Cees-Jan

- Post source at 🐙

Scaling PHP FPM based on utilization demand on Kubernetes

Ever since I've migrated to Kubernetes I've been working on a Matomo Helm chart. Part of that Helm chart is having autoscale it on how busy PHP FPM is, a.k.a. the percentage of busy workers.

Horizontal Pod Autoscaler Status

FPM Configuration

In order to be able to scale well later on we want our FPM configuration to be predictable. So we're going to configure it with a fixed number of always running workers. The following configuration will have 20 workers (referred to as children by FPM) that are always running. Each worker gets restarted after handling 1000 requests. The advantage of this is that we have know the total worker count, the idle worker count, and the active worker count, with the added bonus that it's slightly faster than having to start a new process when we're out of idle workers.

pm = static
pm.max_children = 20
pm.max_requests = 1000

Resources

Before we can do anything useful with the worker usage metrics we must ensure that we have both the CPU and the memory resources for our pods configured. This is something you'd have to figure out for your own application. A good starting point is to set CPU resources to 1 and 512Mi memory. For my own Matomo I'm at 500m CPU and 245Mi memory as it's low traffic. Once you have container metrics from Kubernetes have a look at how much CPU and memory it's really using and adjust to the point where the CPU won't get throttled anymore, and your container won't get OOMKilled for using too much memory.
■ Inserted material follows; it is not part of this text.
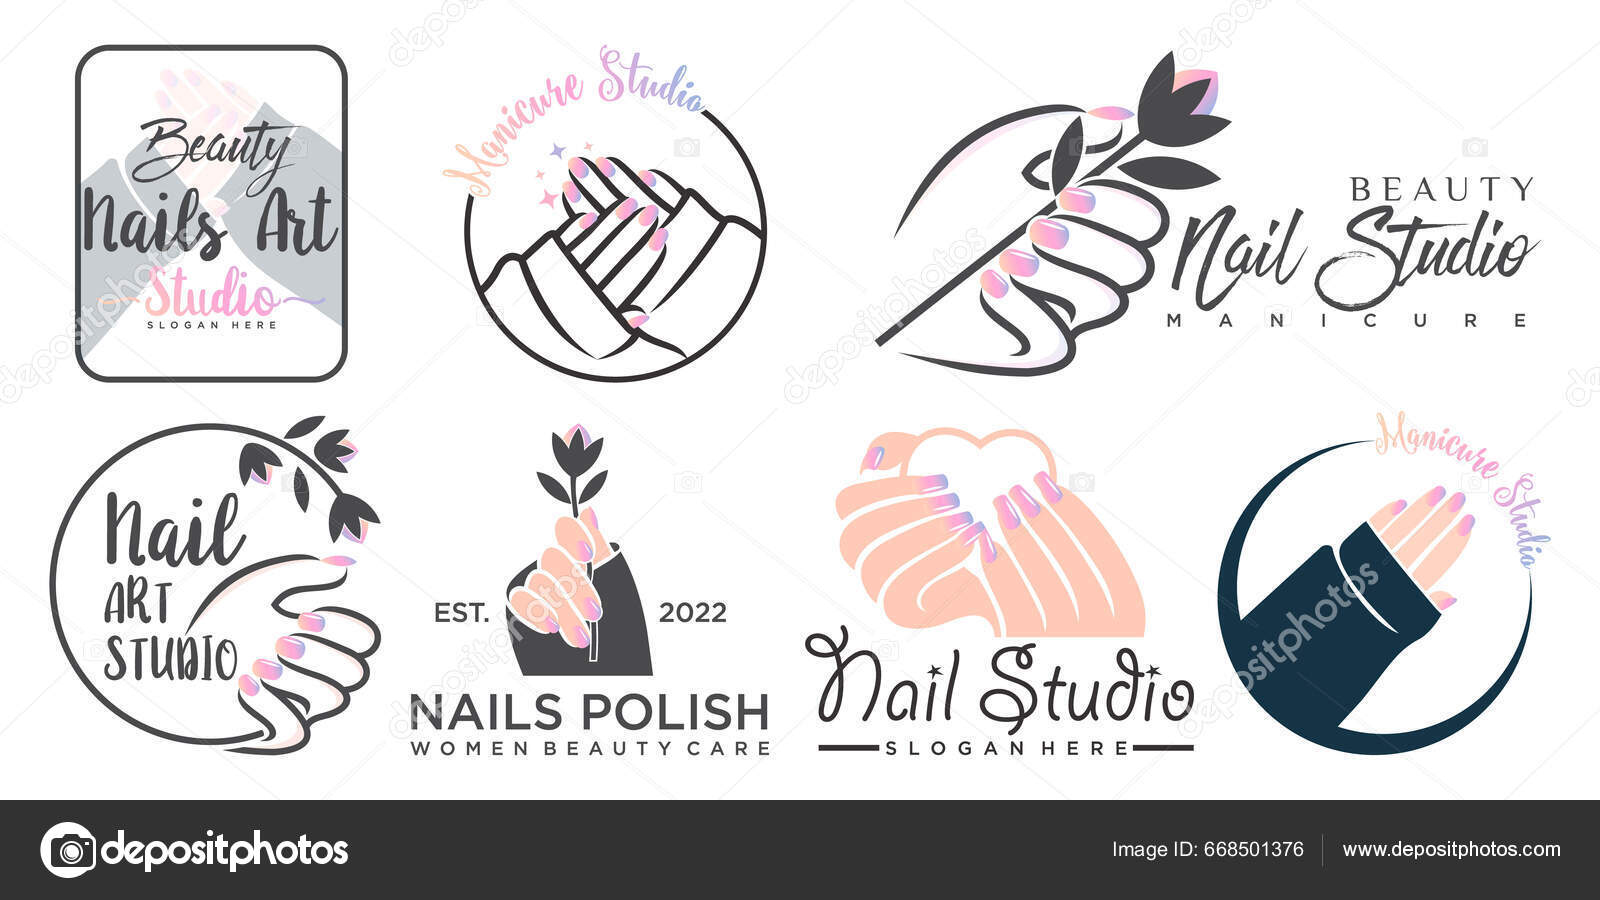 Nail Art logo, Vector Logo of Nail Art brand free download (eps, ai, png,  cdr) formats

Note: Make sure that you tweak the resources well before you move on to the next steps, it is really important for the stability of your service and effects autoscaling fundamentally same as the FPM configuration. The engineering team at Omio write a great article that dives deep in how CPU throttling works in Kubernetes.

Metrics

In order to scale we need one very important bit of information: Metrics. Since FPM doesn't expose Prometheus metrics, yet, we're going with sidecar container for that using php-fpm_exporter. The following container definition sets up a resource tight (enough to run it) container for metrics scraping from FPM, assuming it's on port 9666:

- name: fpm-metrics
  image: "hipages/php-fpm_exporter:1"
  imagePullPolicy: IfNotPresent
  readinessProbe:
    httpGet:
      path: /metrics
      port: fpm-metrics
    periodSeconds: 5
  livenessProbe:
    httpGet:
      path: /metrics
      port: fpm-metrics
    periodSeconds: 5
  startupProbe:
    failureThreshold: 120
    periodSeconds: 1
    httpGet:
      path: /metrics
      port: fpm-metrics
  env:
    # FastCGI address where FPM listens on, we're connecting over TCP
    - name: PHP_FPM_SCRAPE_URI
      value: tcp://127.0.0.1:9666/status
    # Address on which to expose metrics and web interface.
    - name: PHP_FPM_WEB_LISTEN_ADDRESS
      value: 6999
    # Path under which to expose metrics.
    - name: PHP_FPM_WEB_TELEMETRY_PATH
      value: /metrics
    # Enabled to calculate process numbers via php-fpm_exporter since PHP-FPM sporadically reports wrong active/idle/total process numbers.
    - name: PHP_FPM_FIX_PROCESS_COUNT
      value: "true"
    # Only log messages with the given severity or above. Valid levels: [debug, info, warn, error, fatal] (default "error")
    - name: PHP_FPM_LOG_LEVEL
      value: info
  resources:
    limits:
      cpu: 40m
      memory: 32Mi
    requests:
      cpu: 40m
      memory: 32Mi

Next up make sure these metrics are scraped by Prometheus so we can use them in the next step.

Prometheus Adapter

While Prometheus is pretty much the facto default in metrics on Kubernetes, Kubernetes doesn't come with scaling support based on it build in. In order to be able to scale based on Prometheus metrics we're going to need an adapter, prometheus-adapter specifically. It even comes with a Helm chart!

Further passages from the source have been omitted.